Task objective:
Reproduce the listing that follows word for word, without its pictures.

Exercise data:
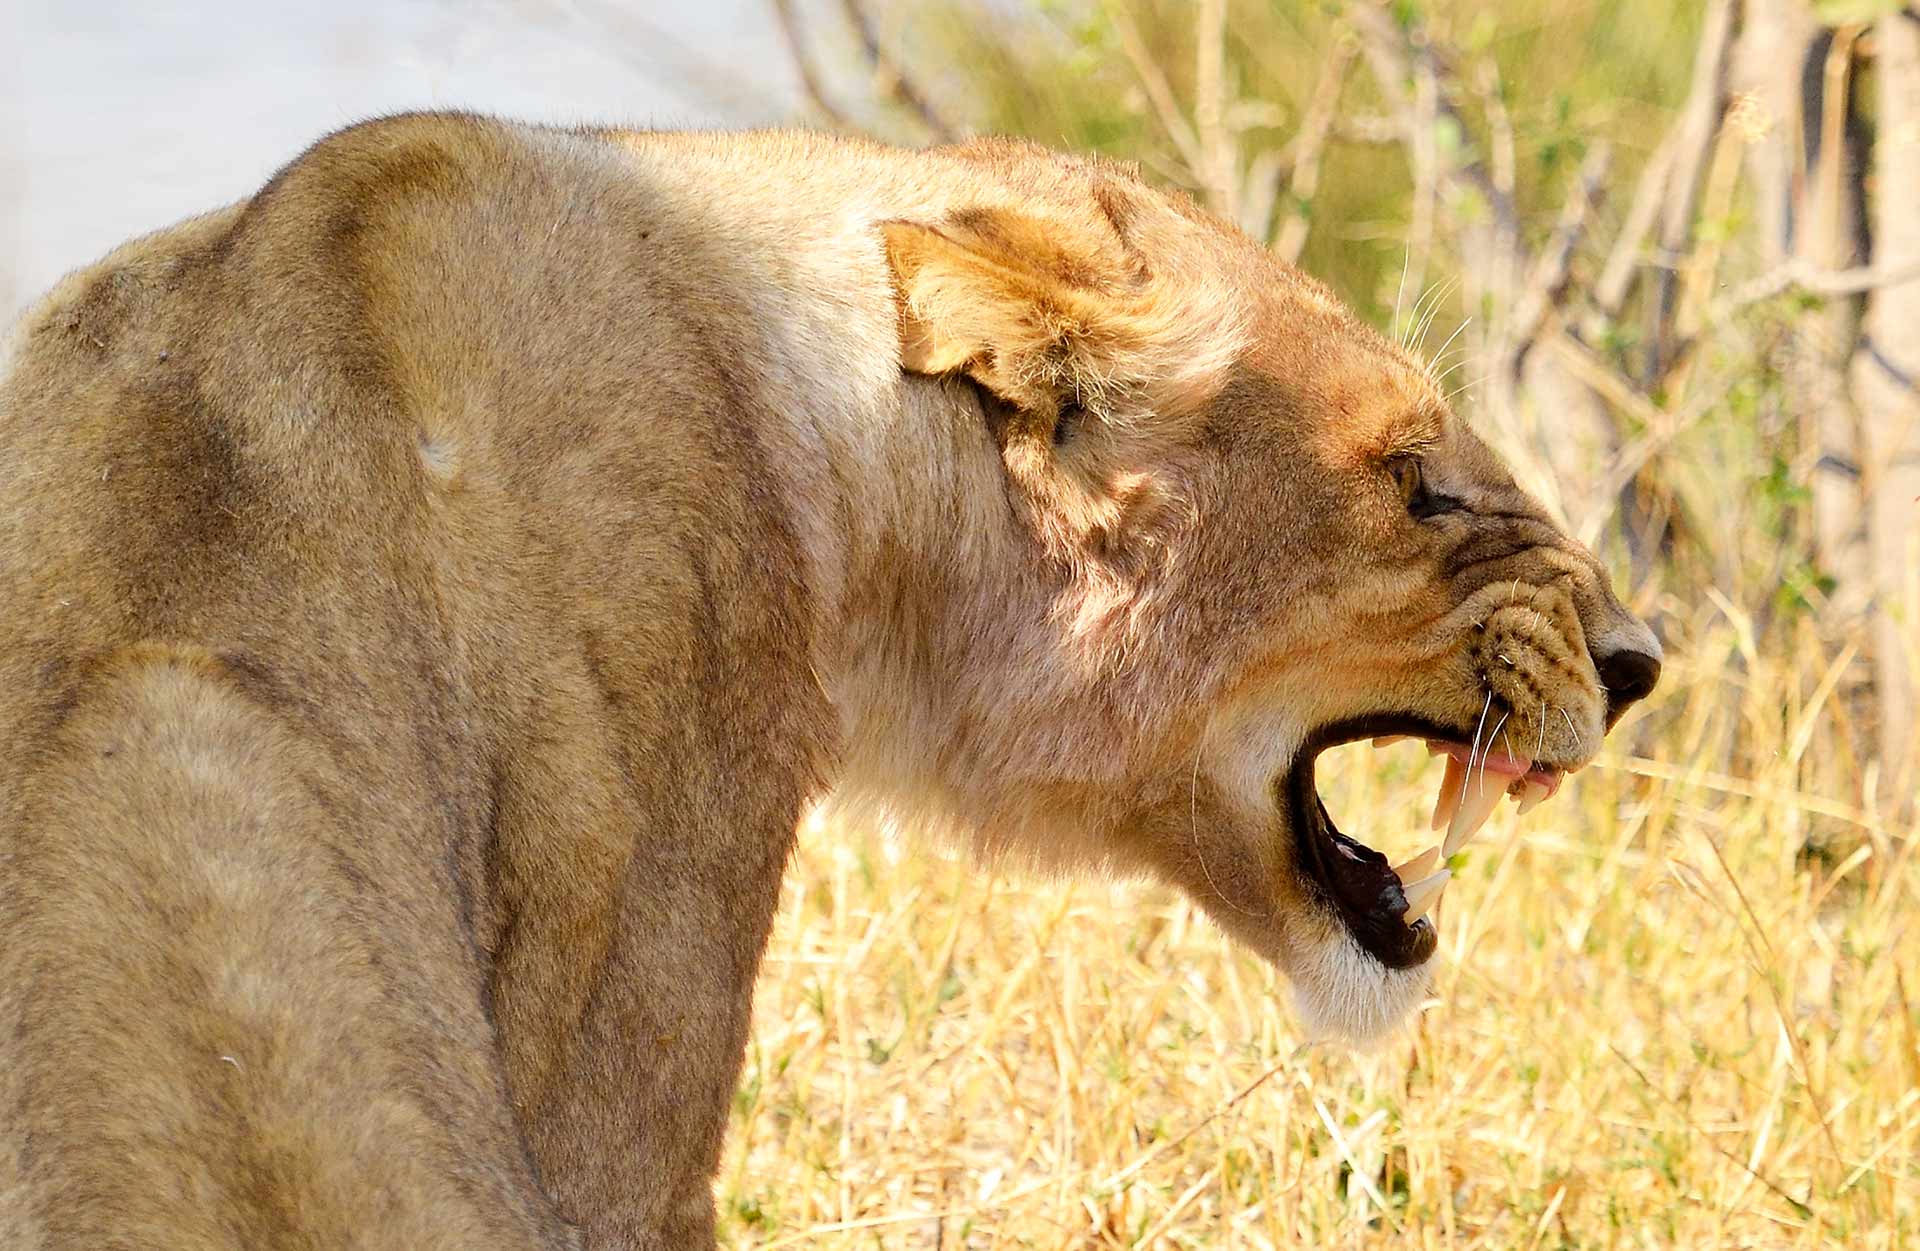 Adult Lioness snarling with teeth showing
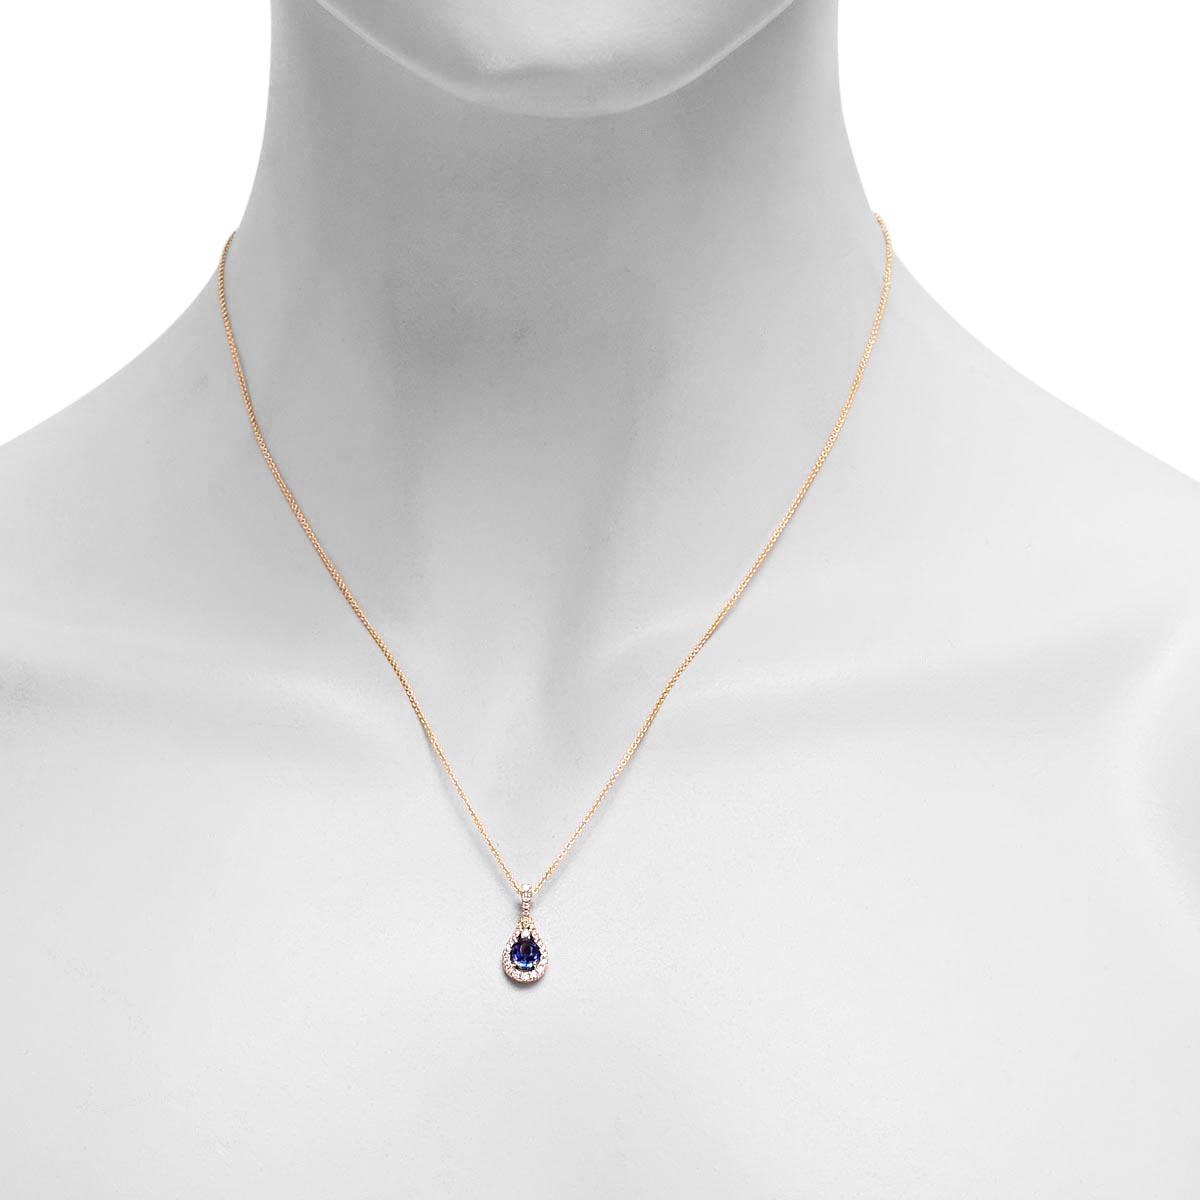 Oval Sapphire Necklace in 14kt Yellow Gold with Diamonds (1/5ct tw)
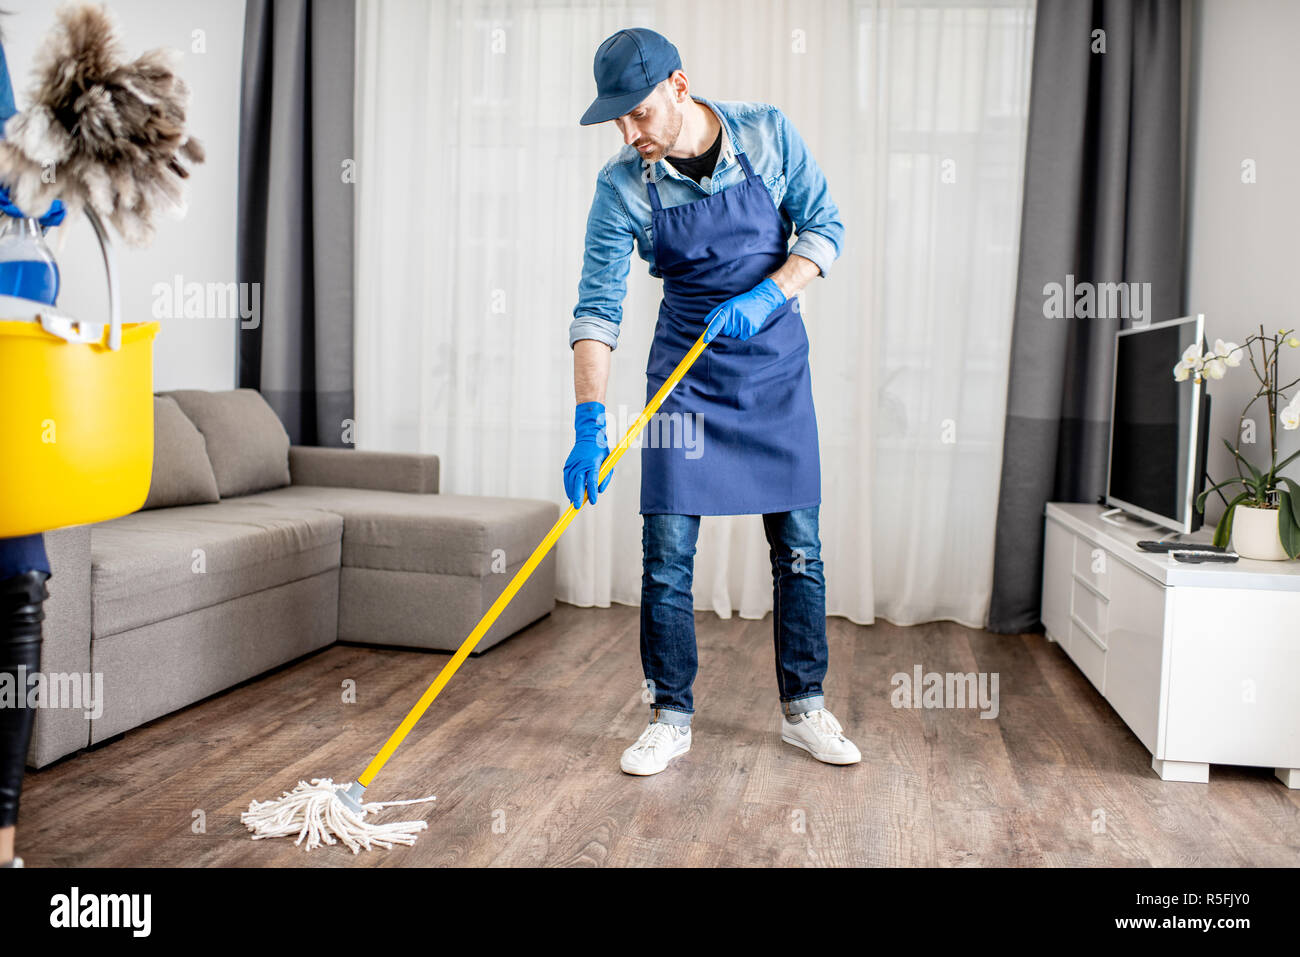 Man as a professional cleaner dressed in the blue uniform washing floor with mopping stick in the apartment Stock Photo

Written response:
 Adult Lioness snarling with teeth showing
 Oval Sapphire Necklace in 14kt Yellow Gold with Diamonds (1/5ct tw)
 Man as a professional cleaner dressed in the blue uniform washing floor with mopping stick in the apartment Stock Photo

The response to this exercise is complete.